Ellen Johnson Sirleaf Interview Part 3
Friday, October 30, 2009 8:58Continued from Part 1 and Part 2
Palava Hut: The Abuja Treaty indicates that factional heads should participate in the May 1997 elections. Some Liberians are vehemently opposed to that proposition. They say that any decision to go after an elected rebel would be far from unanimous, so they would “let principle count now for something at the risk of behaving like those they seek to exclude.” Those Liberians also argue that they have “300,000 reasons to give why armed bandits should be excluded from the elections,” and that it should not matter whether their reasoning makes sense to outsiders who do not share Liberia’s tragedy; that Liberians must resolve to exclude the marauders from any activity leading to the choice of Liberia’s next political leader. A classic analogy is being made to the United States that did not invite her rebels to theelections after the American Civil War of 1861-1865. Those rebels were said to have been denied the right to vote–let alone run for an office–for five years after the war. What is your line of reasoning?

Ellen Sirleaf
Ellen Johnson-Sirleaf: When one looks at it in terms of what has happened to country, one can say that the exclusion of factional heads from the electoral process is a rational way to go. I share the view of ECOMOG that the Liberian situation being the way it is, that it is time to engage all of those who seek to run the country, who seek to lead the country, to give all of them the opportunity to test their own popularity by the vote–to do so in a peaceful way in which the people in the country will let them know whether or not they see in them what it takes to lead the country. To exclude tem a priori without the people’s choice, I think will lead us again to continued conflict in the country. I think that’s what everybody is trying to avoid.

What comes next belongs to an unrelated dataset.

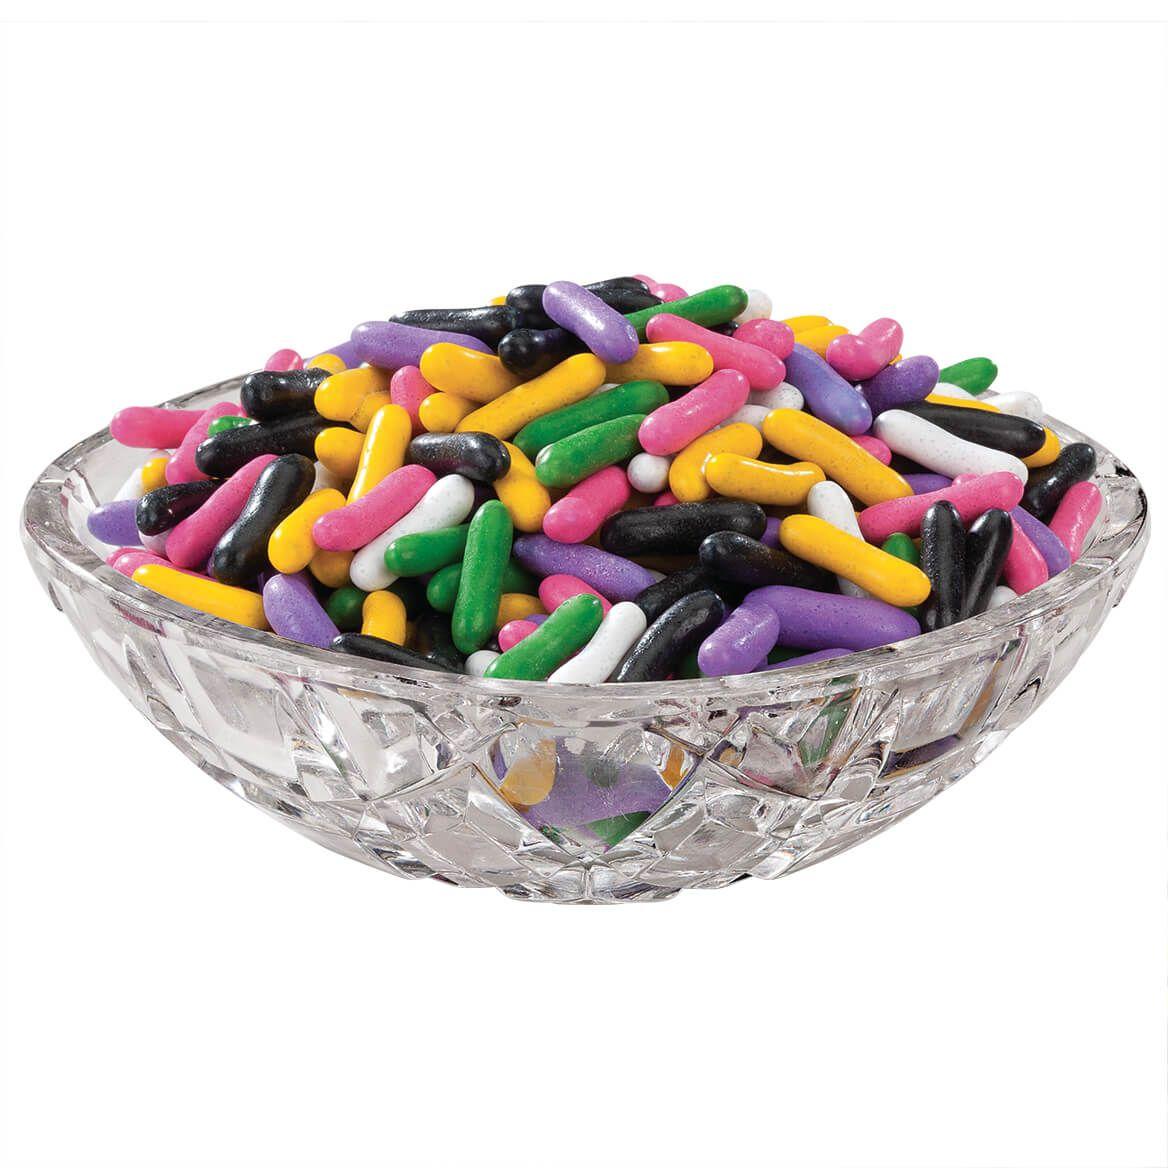 Licorice Pastels 13 oz.-353585

Palava Hut: After the 1985 elections, you were held for sedition by the National Democratic Party of Liberia (NDPL) government. Reports also indicate that the government even refused you an exit visa. When you had the opportunity to leave Liberia, you traveled to the United States. While you were here in the late 1980s, it has been said that through the Association for Constitutional Democracy in Liberia (ACDL), you teamed up with Dr. Amos Sawyer, Clarence Simpson, Taylor Major, Richard Tolbert, Chu Chu Horton, A. Romeo Horton, among others, to rid Liberians of Samuel Doe who was perceived as a dictator. What is your side of the story?
Ellen Johnson-Sirleaf: I’m sorry that people have a way of trying to misrepresent and misinterpret the facts. Yes, there was the Association for Constitutional Democracy in Liberia that was formed here in the United States essentially as a pressure group to try to bring the Doe Government back to where we were in 1985 when we had a successfully concluded election in which the NDPL did not win. So that group did not comprise the names you just called. Key members were people like Tom Woewiyu; yes, Amos Sawyer; yes, I was a member; Harry Greaves was, and many of us who had, in some way or the other, been a part of the 1985 electoral process. It was mainly a peaceful civilian pressure group that was going to mobilize Liberians and then mobilize friends of Liberia to again prepare for another round of political process in Liberia to challenge Samuel Doe. People have attributed all kinds of objectives to this. This was not any kind of a secret or closed group. It was open. There’s nothing wrong with that as long as they are open, above board, legal and are abiding by the rules and regulations of he country. We thought it was an effective thing.